Diljá Ögn Lárusdóttir

No. 4 – Stjarnan
- Position: Guard
- League: Úrvalsdeild kvenna

Personal information
- Born: 23 June 2003 (age 22)
- Nationality: Icelandic

Career information
- Playing career: 2019–present

Career history
- 2019–2021: Fjölnir
- 2020–2021: → Fjölnir-b
- 2021–present: Stjarnan

Career highlights
- 1. deild Domestic MVP (2023); 2× 1. deild Domestic First Team (2022, 2023); 1. deild Young Player of The Year (2022); 1. deild kvenna winner (2023);

= Diljá Ögn Lárusdóttir =

Icelandic basketball player

Diljá Ögn Lárusdóttir (born 23 June 2003) is an Icelandic basketball player for Stjarnan and the Icelandic national team.

==Club career==
Diljá started her senior team career with Fjölnir in 2019. She split the following season with Fjölnir in the top-tier Úrvalsdeild kvenna and its reserve team, Fjölnir-b, in the second-tier 1. deild kvenna. In the 1. deild, she averaged 12.1 points during the 2020–2021 season.

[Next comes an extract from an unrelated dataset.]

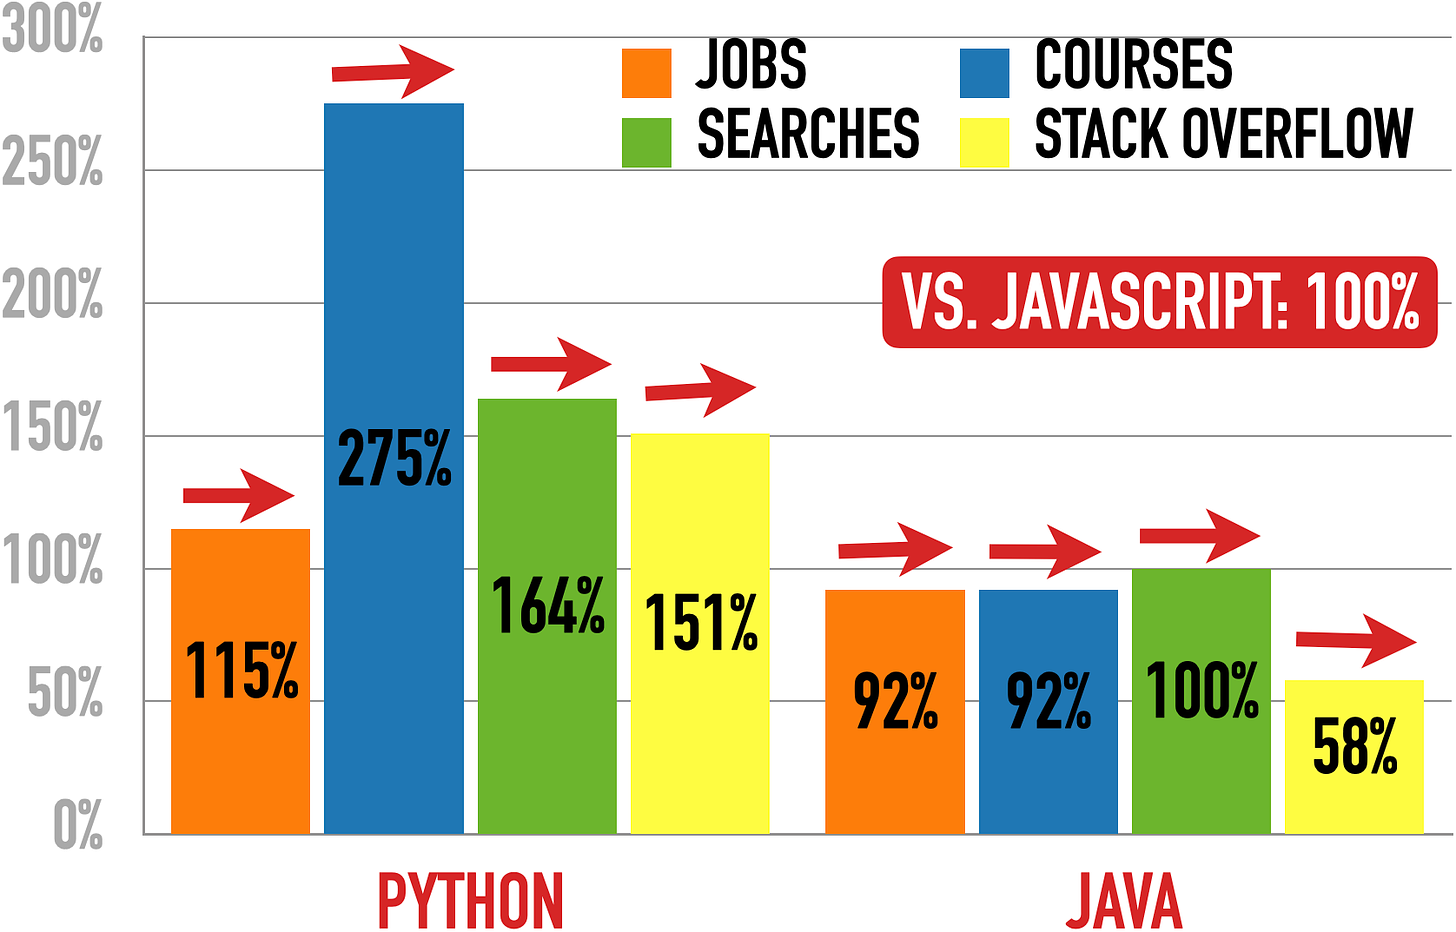 Python (left) And Java (right) vs. JavaScript (100%)
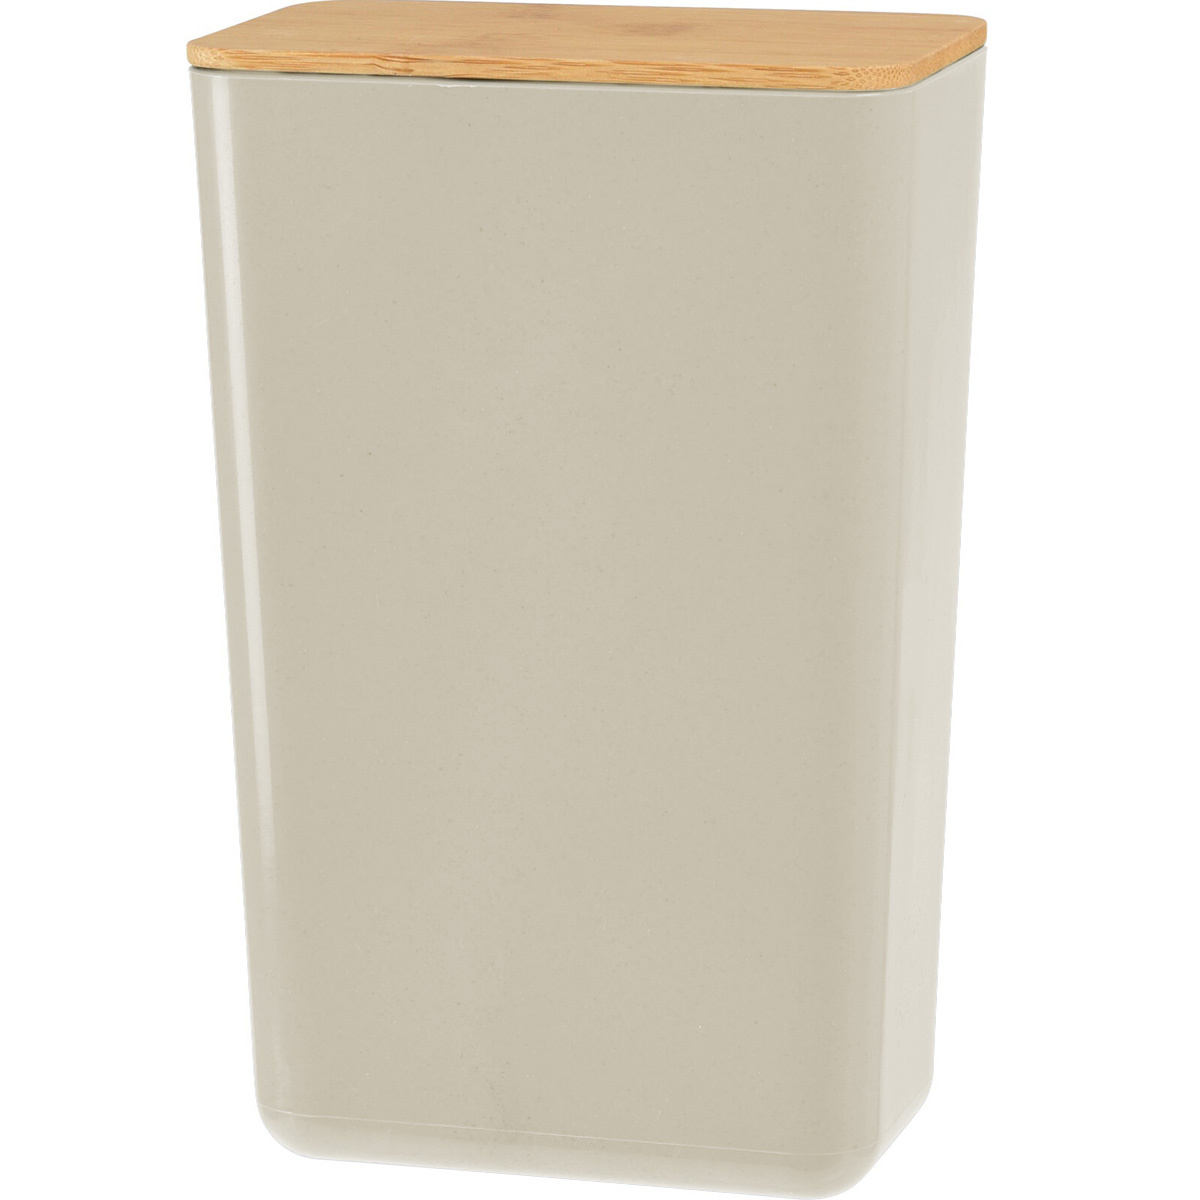 Úložný box s bambusovým víkem Roger, 13 x 20,7 x 8 cm, béžová

After the season, she joined Stjarnan where she went on to average 26.0 points in the 1. deild during the 2021–2022 season. During the 2022–2023 season, she was named the 1. deild Domestic MVP after averaging 22.8 points per game for Stjarnan and helping the team gain promotion to the Úrvalsdeild kvenna.

During the summer of 2023, Diljá suffered a knee injury that forced her to miss all of the 2023–2024 season.

She returned to the court for the 2024–2025 season and scored 14 points in a win against reigning national champions Keflavík.

==National team career==
In 2023, Diljá debuted with the Icelandic national team. On 12 February 2023, she scored a team high 14 points in a loss against Spain.

==Personal life==
Diljá is the daughter of Lárus Mikael Knudsen Daníelsson, a multiple national champion in boxing and former basketball player for KFÍ.